Recorte da coluna social Luzes da Cidade, de Fausto Neto, jornal Última Hora, Recife, 1963., mostrando Lucinha Caldas como candidata do América Futebol Clube ao título de Miss Luzes da Cidade 1963. (Acervo de Lucinha Caldas)
                Os concursos Rainha das Piscinas dos Clubes Sociais e Garota dos Bairros do Recife eram coordenados pelo matutino Jornal do Commercio e o vespertino Diário da Noite, respectivamente. Lindas jovens se destacaram nesses certames, a exemplo de Raiolandia Castelo Branco, Rainha das Piscinas dos Clubes Sociais e depois Miss Clube Militar do Recife e Miss Pernambuco 1966; Evercy de Holanda Cavalcanti, Garota dos Bairros do Recife 1967; e Leopoldina Pessoa Rodrigues, Garota dos Bairros do Recife 1968. Outra competição de sucesso: o Garota Bancária de Pernambuco, título conquistado em 1965 por Joseli Lacerda de Lima, representante do Banco Nacional do Norte (Banorte), em festa memorável nos salões do Clube Náutico Capibaribe. Todavia, o concurso Miss Luzes da Cidade, em 1963, foi o que mais despertou a atenção dos leitores por ter sido promovido pela sucursal do jornal Última Hora, fundado por Samuel Wainer (1910-1980), cuja linha editorial era progressista de esquerda. A vencedora foi Maria Lúcia Caldas, representante do América Futebol Clube, agremiação localizada na Estrada do Arraial, freqüentada por famílias tradicionais do bairro de Casa Amarela e circunvizinhança.

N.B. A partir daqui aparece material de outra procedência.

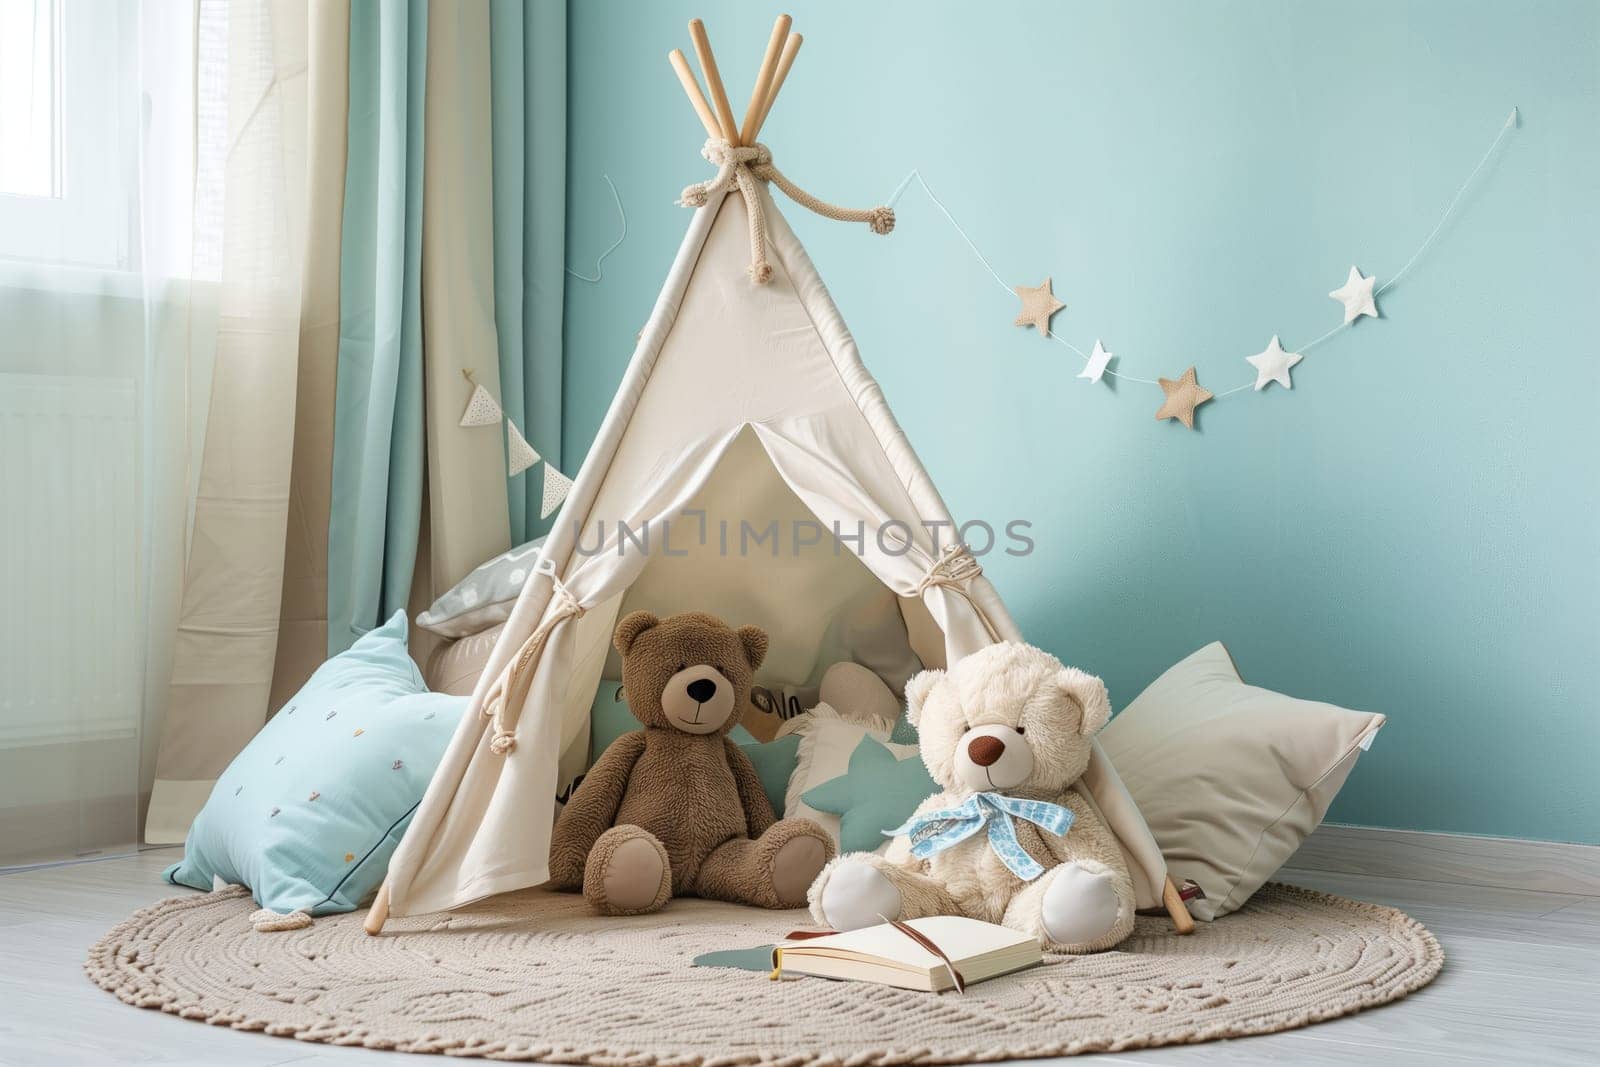 Two teddy bears are nestled inside a teepee in a cozy childs room, adding a touch of comfort and playfulness to the interior design of the bedroom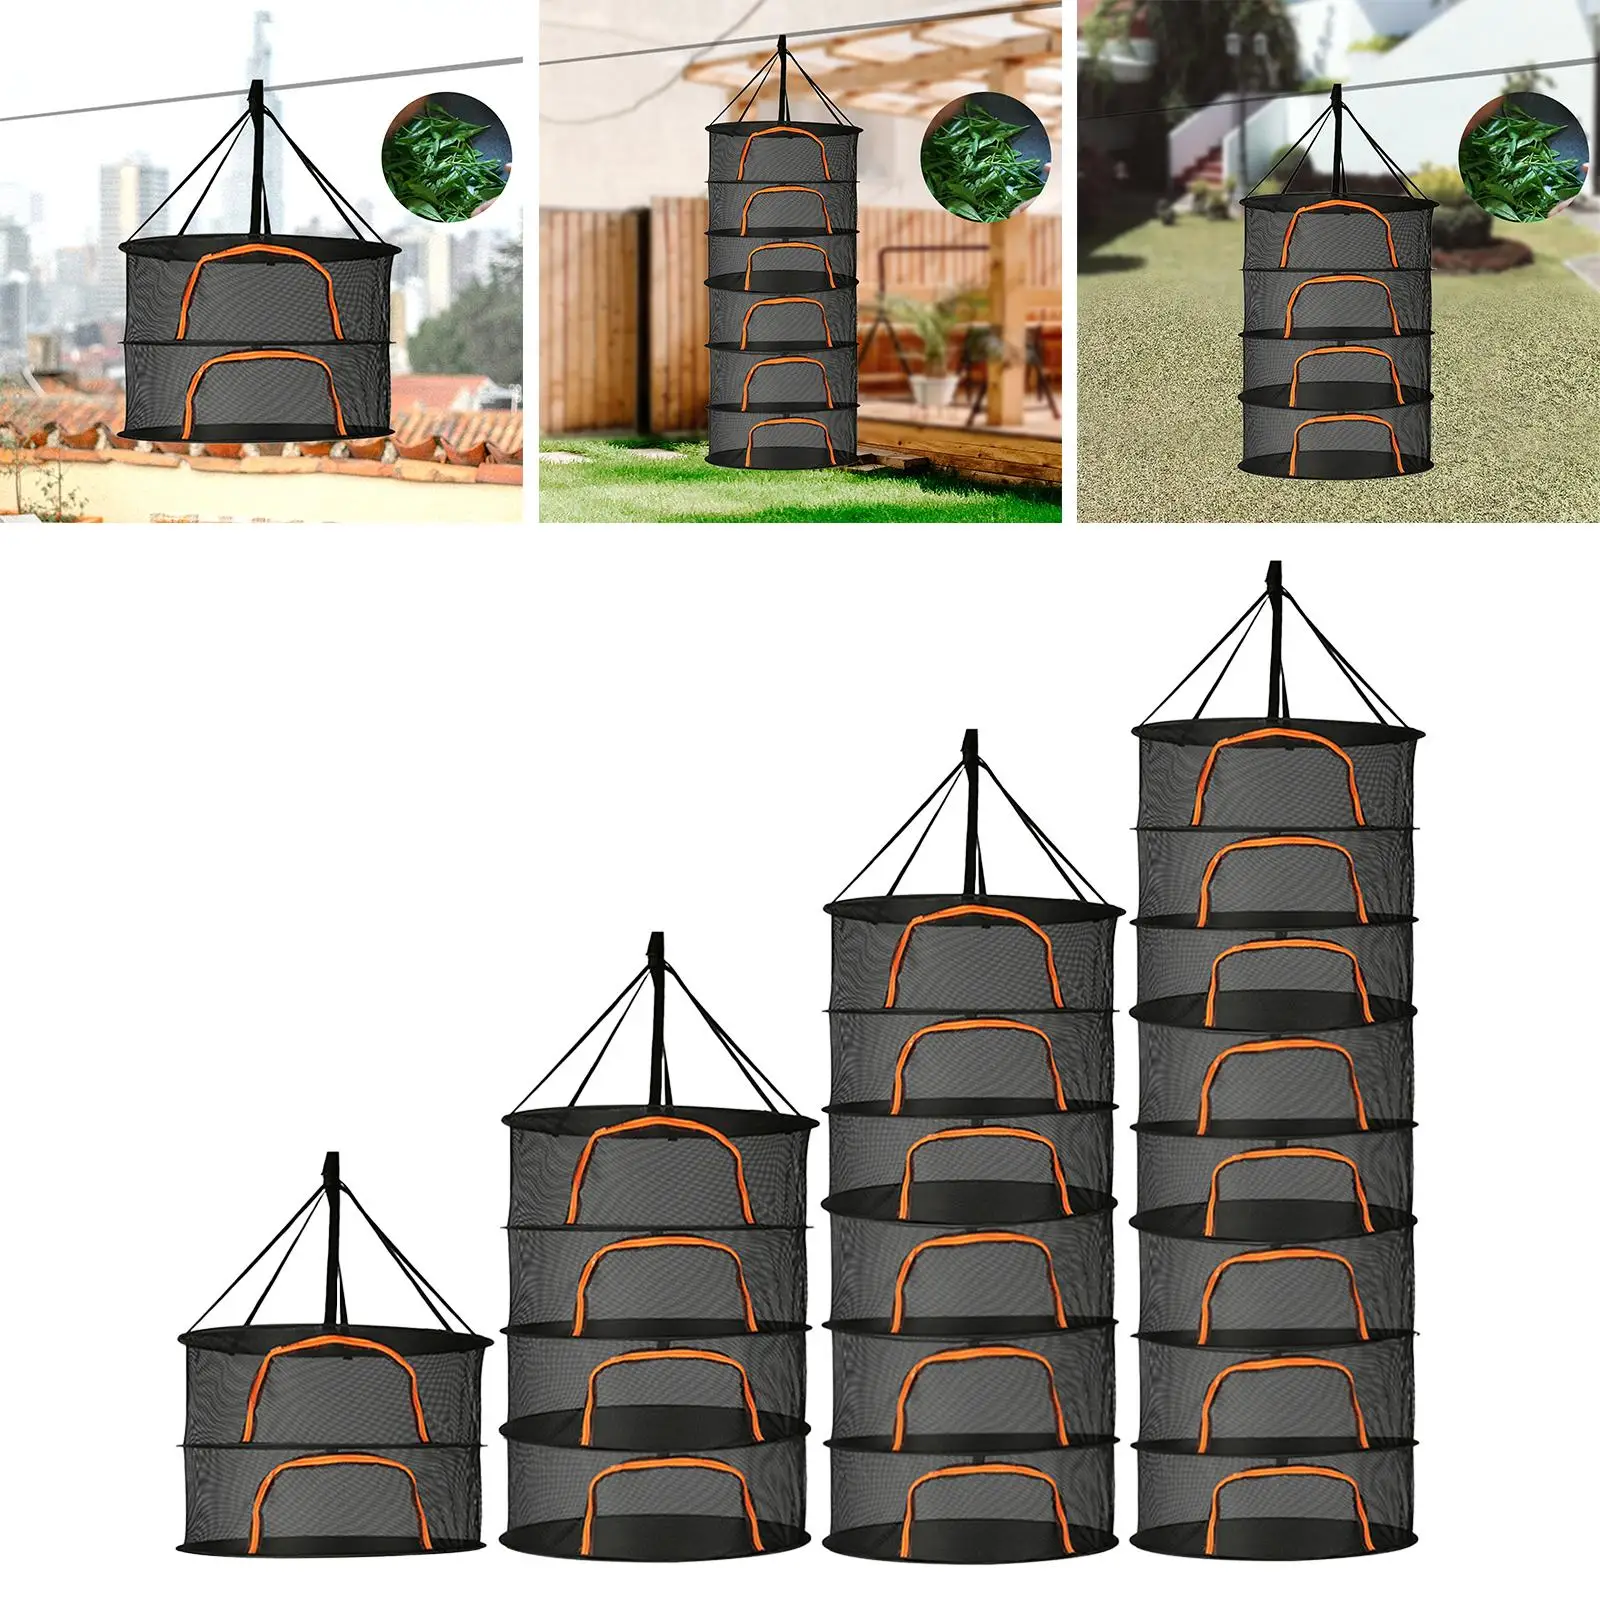 Plants Drying Rack, Hanging Drying Fish Net Breathable Collapsible Mesh Hanging Plant Dryer Drying Net for Fruits, Vegetables

Lucinha Caldas, Miss Luzes da Cidade 1963, e Terezinha Frazão, Miss Pernambuco 1962, na primeira página do jornal Última Hora. (Acervo de Lucinha Caldas)
Lucinha Caldas na primeira página do jornal Última Hora.(Acervo de Lucinha Caldas)
                E é com a Lucinha Caldas que revisitaremos um tempo de muito glamour, quando uma Miss era sinônimo de status. A barreira do silêncio de nossa homenageada foi rompida 48 anos depois de sua eleição e teve a colaboração da sua sobrinha, a jornalista e radialista Dulce Melo. Depois que casou e teve quatro filhos, a Miss Luzes da Cidade 1963 percorreu o mesmo caminho da atriz Greta Garbo (1905-1990), exilando-se e deixando para trás os holofotes da mídia. Lucinha Caldas passou a dedicar sua vida em tempo integral ao marido, aos filhos e aos cuidados especiais com a mãe e a avó.Viúva, avó de seis netos e residindo no bairro de Boa Viagem, a eterna Miss Luzes da Cidade falou um pouco da sua experiência vivenciada num tempo em que a família que tivesse entre seus membros um filho padre ou uma filha miss gozava de um status e prestígio jamais vistos nos dias de hoje. Vamos conferir a entrevista.

Em que ano e mês ocorreu o concurso Miss Luzes da Cidade e quantas candidatas participaram da competição?
- Foi no dia 13 de junho de 1963, dezoito candidatas, em noite de muitas torcidas organizadas, com faixas, animação e expectativa.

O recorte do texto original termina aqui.